GIVEN DATA:
____________
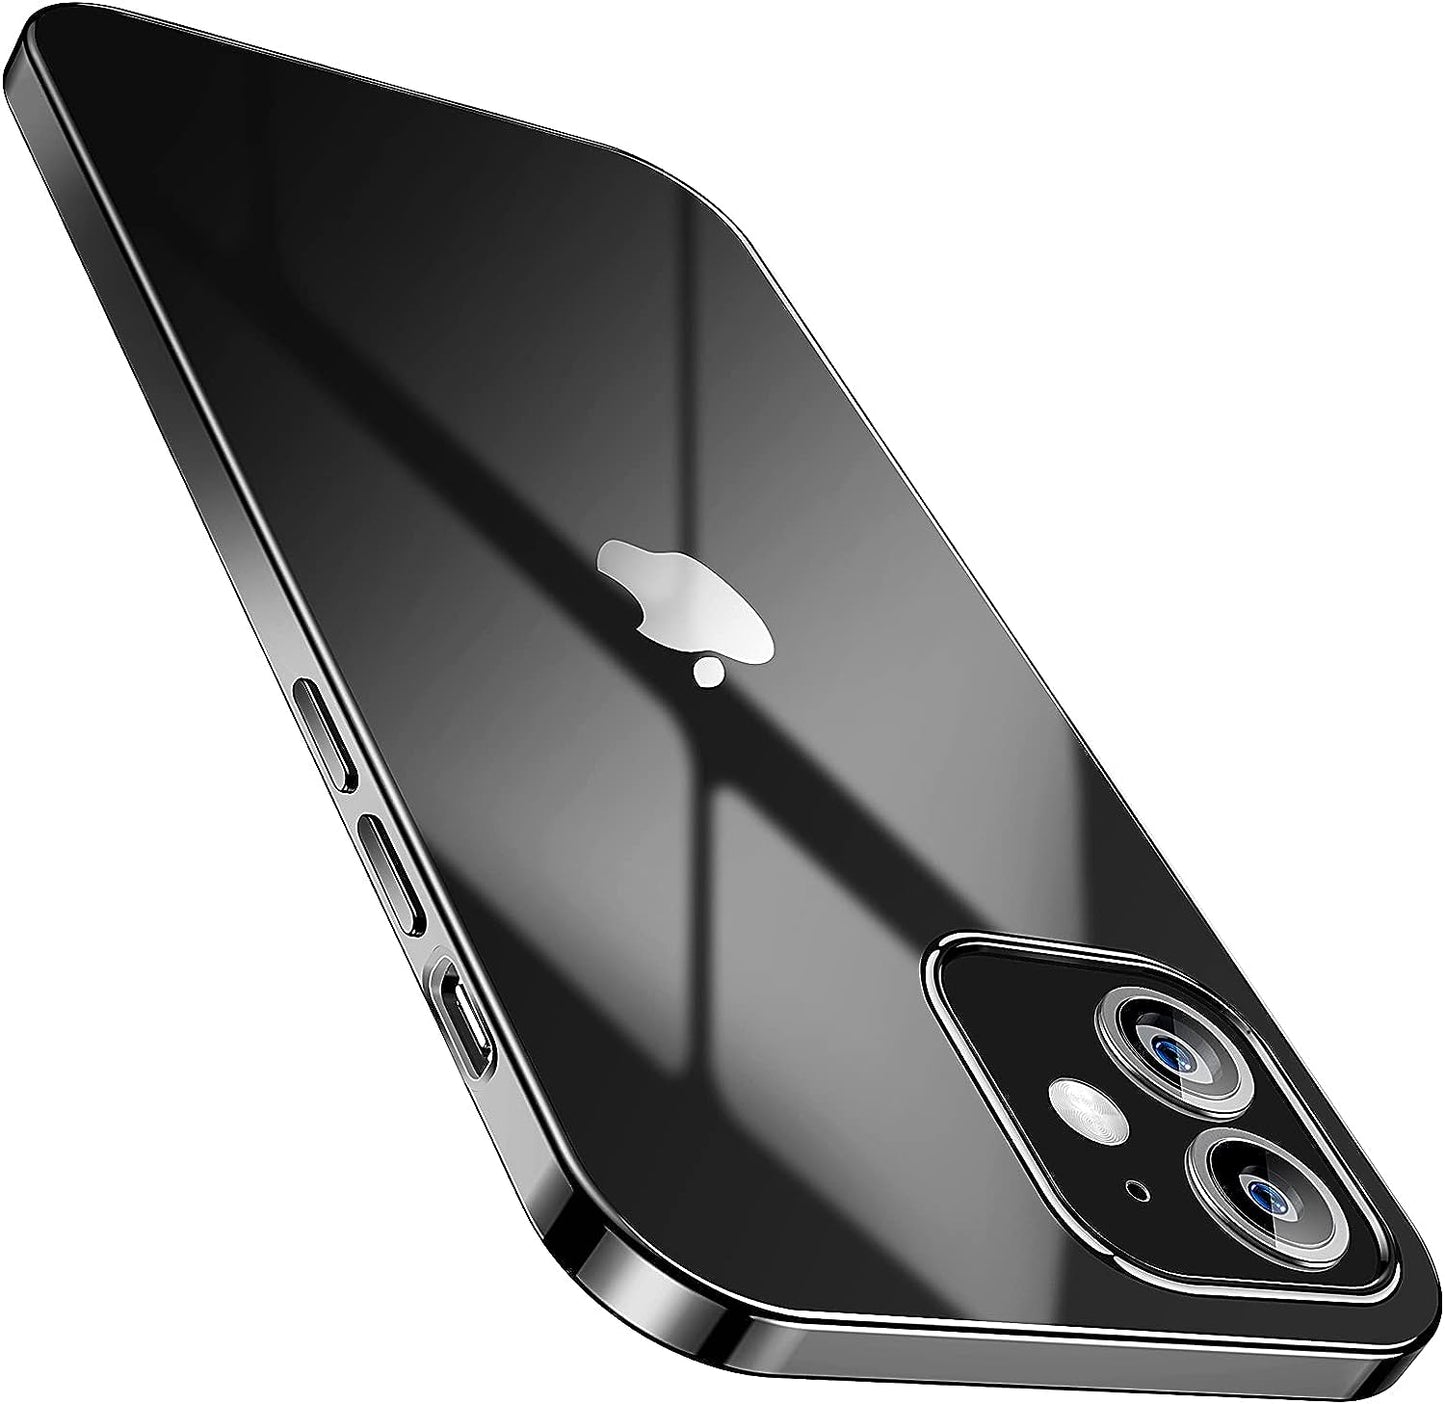 SMARTDEVIL Coque iPhone 12 Mini, Coque iPhone 12 Mini Transparente, AIR Cushion, Bumper Renforcé en TPU, Dos en PC, Protection Coin, Compatible con iPhone 12 Mini-Argent
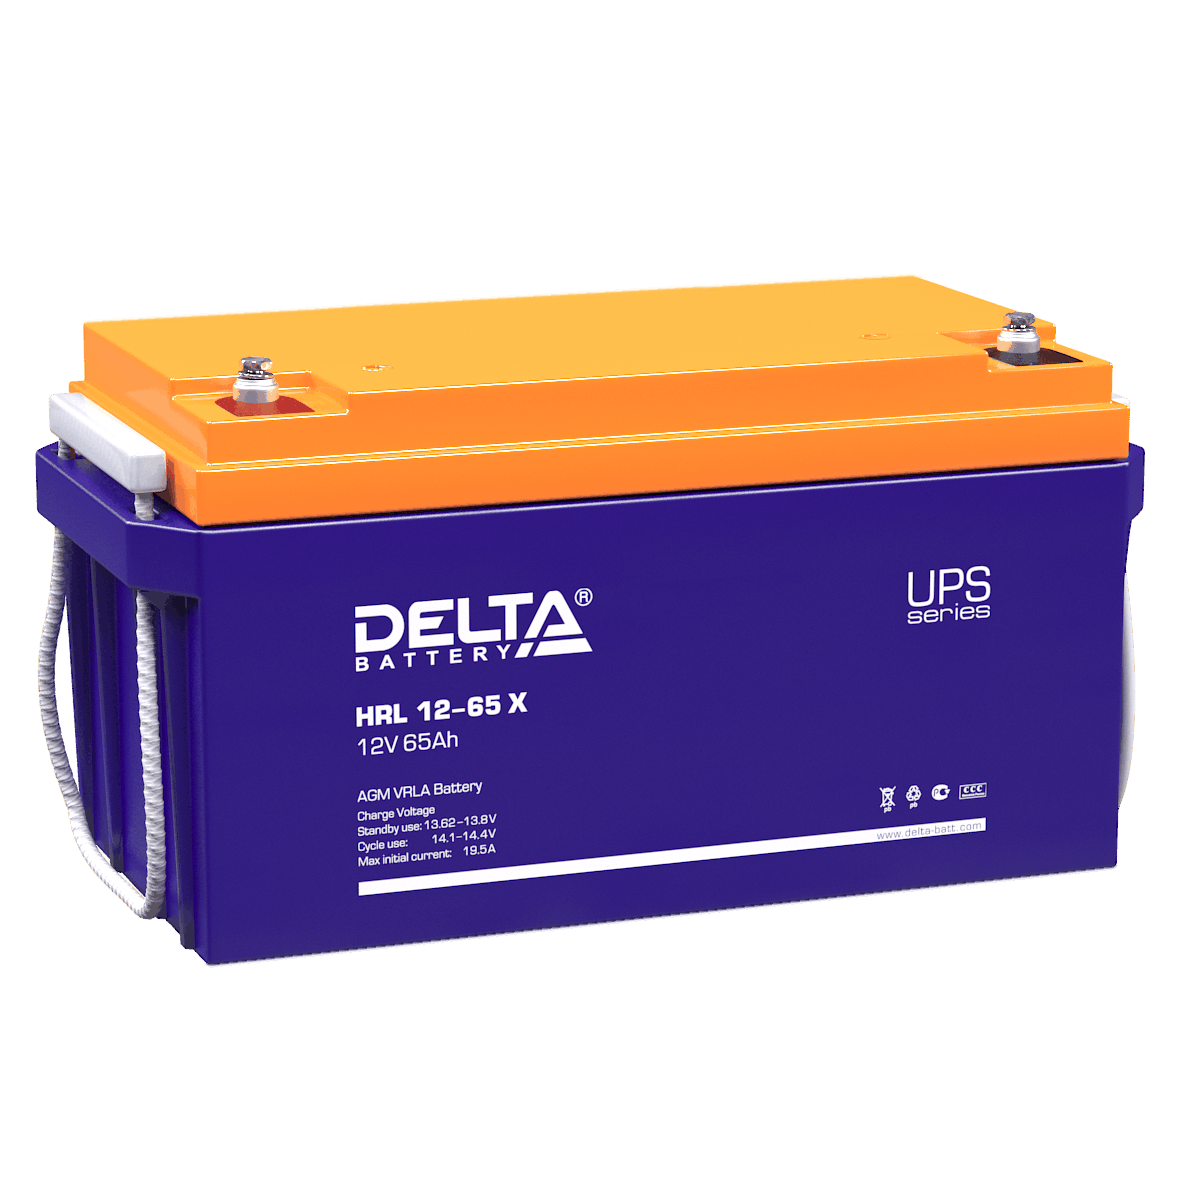 Все Батареи DELTA HRL 12-65 X видеонаблюдения в магазине Vidos Group
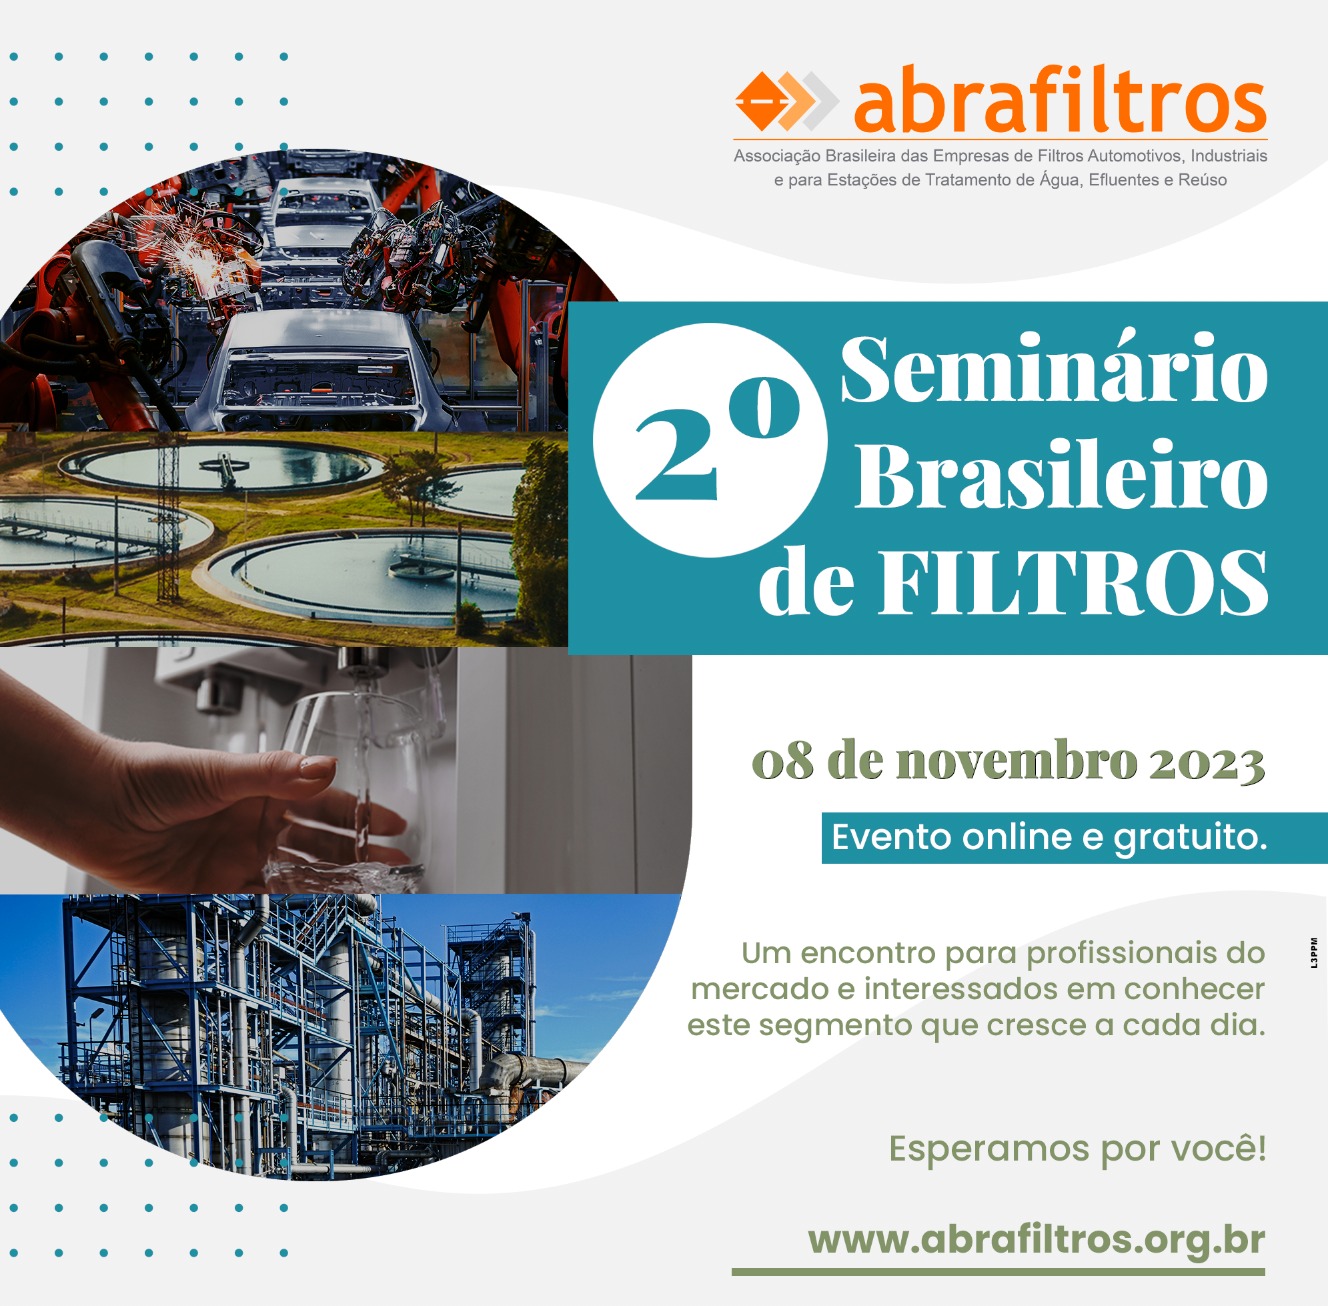 2° Seminário Brasileiro de Filtros tem apoio de mais de 30 organizações
____________
TASK OBJECTIVE:
Omit the pictures and give the material again, exactly and in full.

THE ANSWER:
 SMARTDEVIL Coque iPhone 12 Mini, Coque iPhone 12 Mini Transparente, AIR Cushion, Bumper Renforcé en TPU, Dos en PC, Protection Coin, Compatible con iPhone 12 Mini-Argent
 Все Батареи DELTA HRL 12-65 X видеонаблюдения в магазине Vidos Group
 2° Seminário Brasileiro de Filtros tem apoio de mais de 30 organizações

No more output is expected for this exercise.